An editorial article in the July 2010 Royal Economic Society (RES) Newsletter outlined the views of a number of critics of the Coalition’s plan for reducing the UK’s fiscal deficit, which had reached more than 11 per cent of GDP last year, the second highest deficit amongst the OECD countries. The editorial appeared to sympathise with the opponents of what it termed ‘deficit fetishism’ and feared that cutting aggregate demand would damage the recovery. It asked for supporters of the Government’s fiscal retrenchment to explain why they expected the June 2010 budget to mark a positive turning point for the UK economy.
We are far from uncritical supporters of the Government's economic policy, but we are clear that the fairly unreconstructed Keynesianism of the three articles cited provides no useful way forward.
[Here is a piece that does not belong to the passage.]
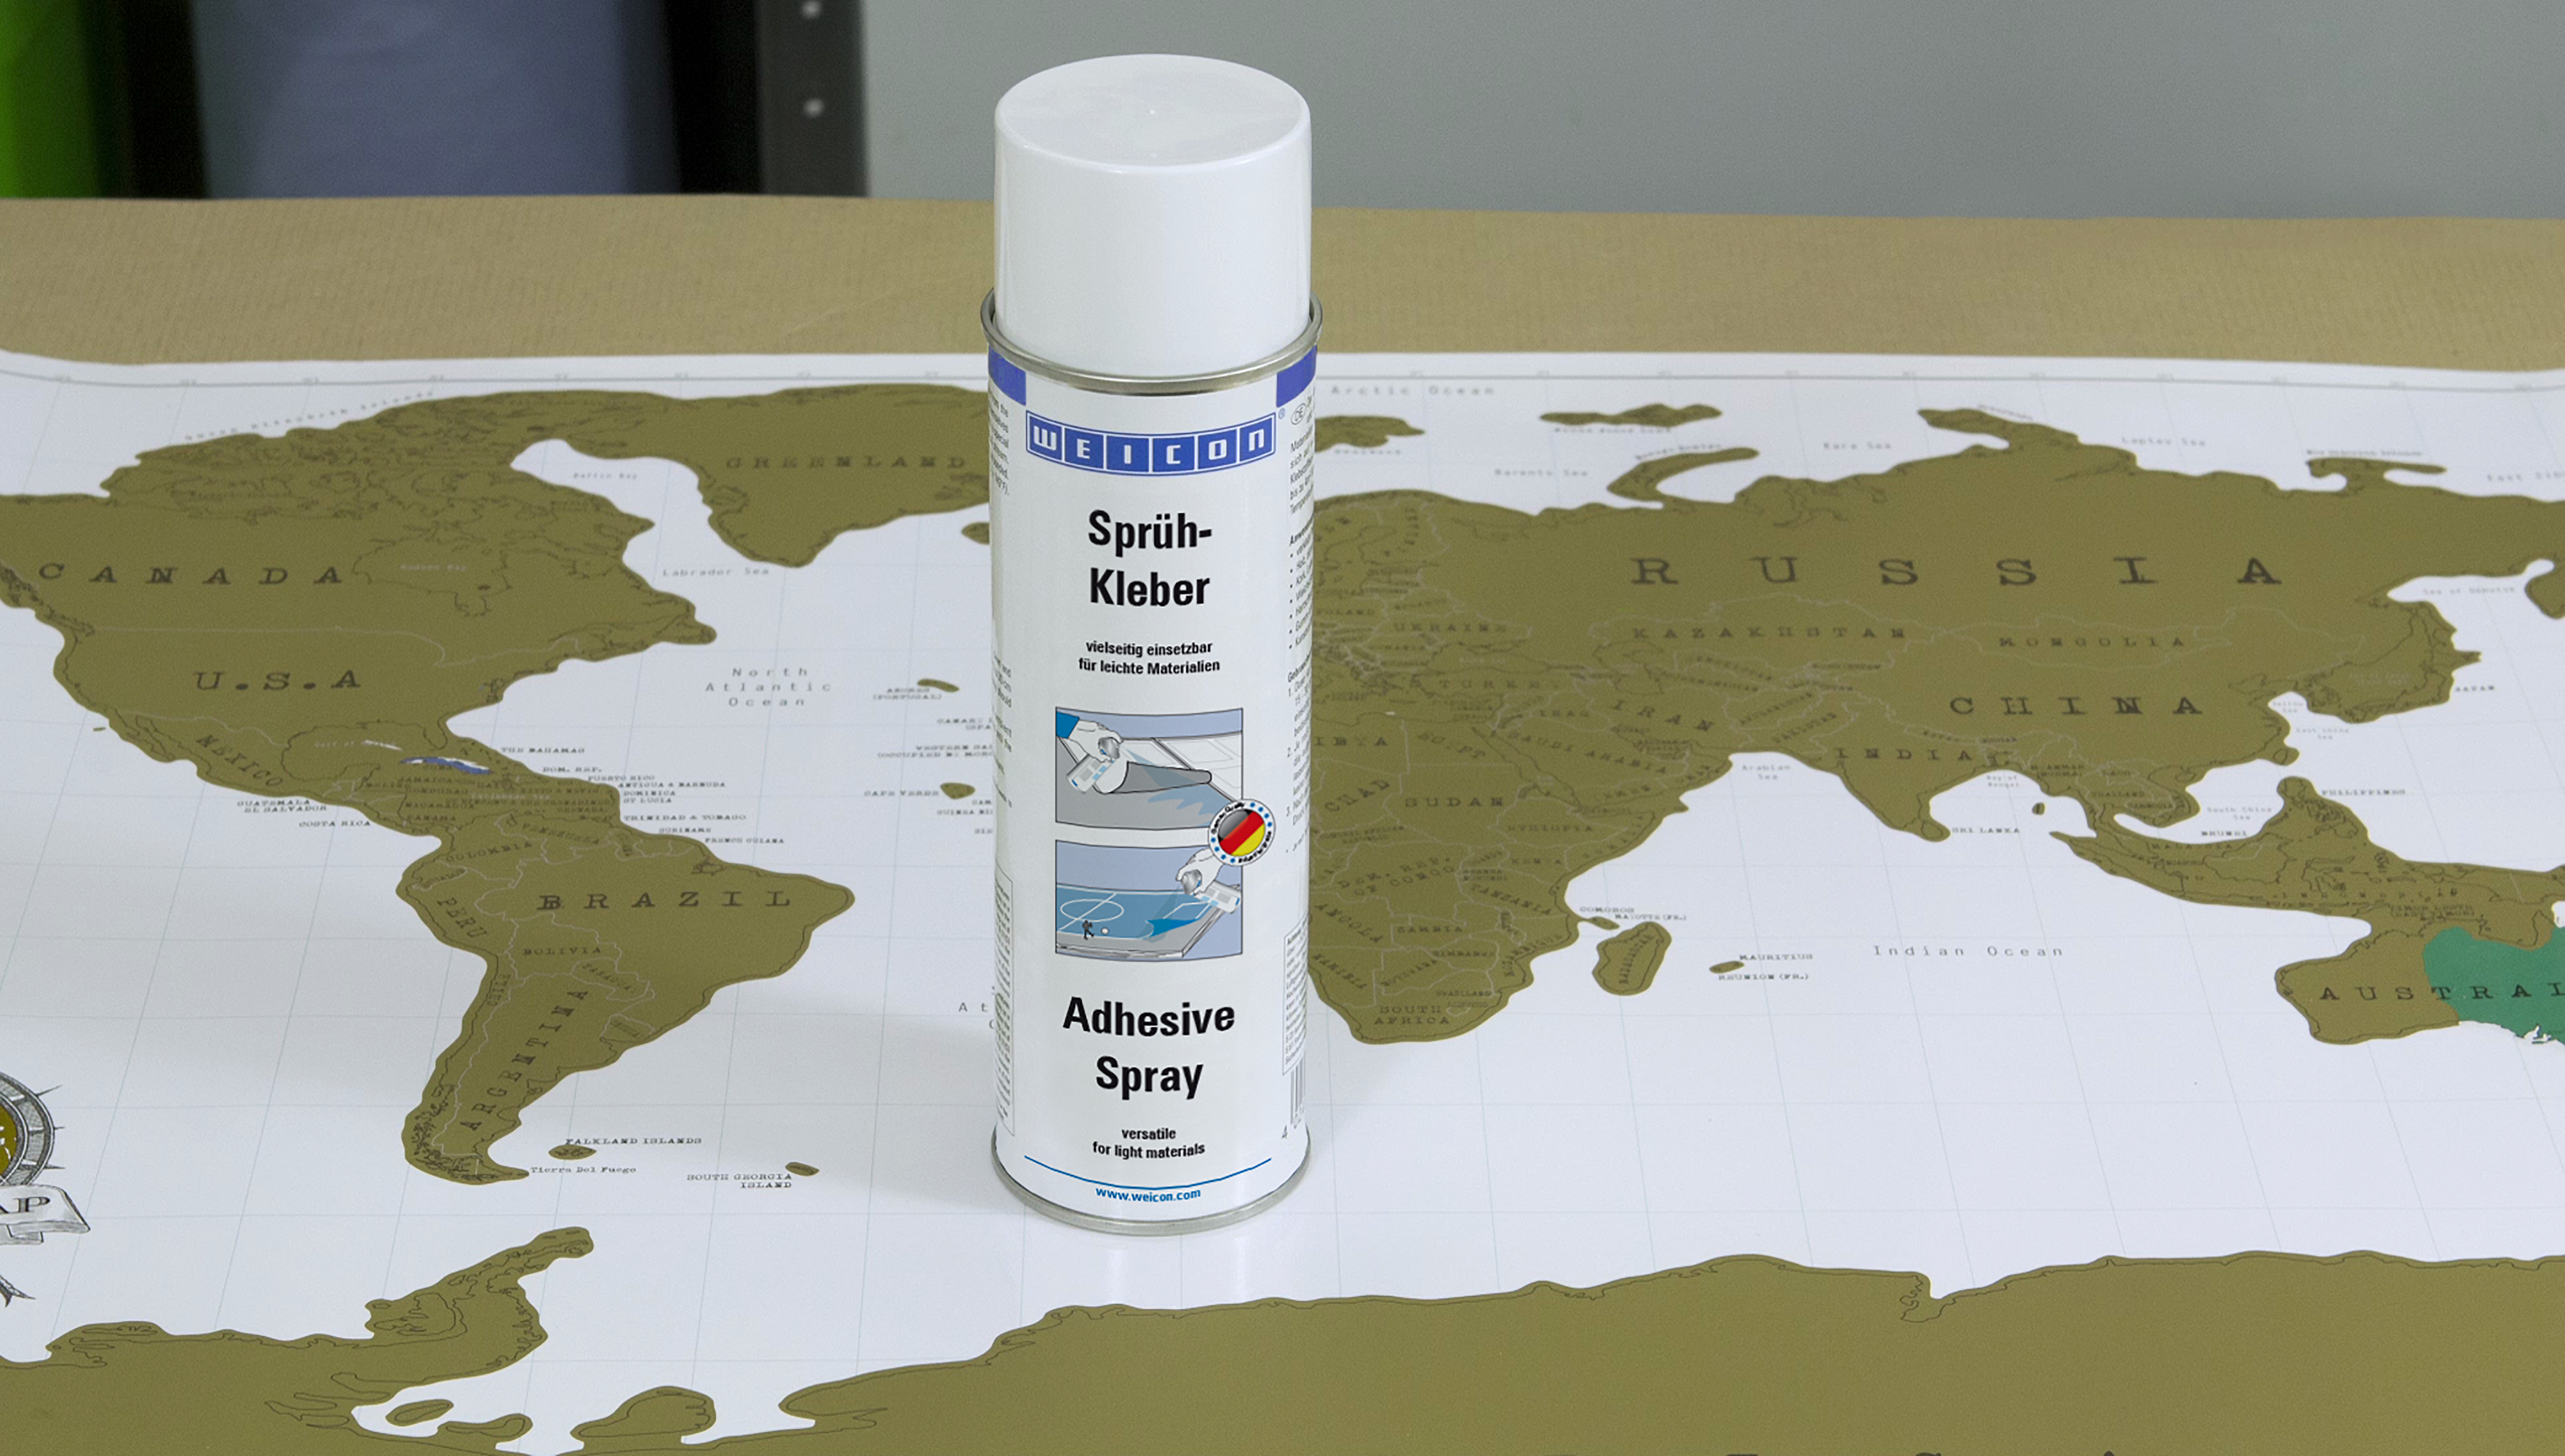 Adhesive Spray | Klej kontaktowy w sprayu, idealny do kartonu i papieru

Last June’s budget, the Comprehensive Spending Review and the March 2011 budget have laid out a programme for reducing the fiscal deficit significantly over a four to five year period. The latest figures give a total ‘consolidation’ of £126 billion by 2015-16, made up of cuts in spending of £95 billion and a net increase in taxes of £30 billion. This programme envisages a faster reduction of the deficit than planned by Labour in its March 2010 budget, and consequently deeper cuts in public spending.
The critics criticised
The three critics cited in the Newsletter article have different approaches. In a blog piece, John van Reenen draws analogies between the proposed cuts and mistaken macroeconomic policy in the United States in 1937. This is a selective reading of the past: we could point instead to the UK recovery in the 1930s following monetary expansion coupled with fiscal conservatism. The problems of the US economy in 1937 were associated with combining public spending cuts with monetary contraction and a huge increase in business regulation and marginal tax rates. Van Reenen is also dismissive of the view that a degree of austerity is necessary in order to reassure the financial markets. But since he wrote we have seen the problems which other countries — Ireland, Greece and most recently Portugal — have run into as a result of failing to produce a convincing plan to reduce the deficit. While these countries are forced to borrow from the IMF and pay high interest rates to turn over their debt, the UK’s Standard and Poor rating is still at AAA and we have faced no problems financing our debt. Van Reenan argues that the Coalition’s intention to frontload some of their cuts is an attempt to pin the blame on Labour: any cuts should be delayed until the economy has recovered. However this ignores the credibility issue. If planned cuts were delayed, they would fall more heavily in the run-up to the next election, and market participants might doubt whether the Coalition would have the political will to carry them through. It is worth noting, though, that the cuts are more ‘back-loaded’ than the tax increases — something we regard as regrettable given that fiscal contractions led by tax increases have not generally been as successful as those led by government spending cuts.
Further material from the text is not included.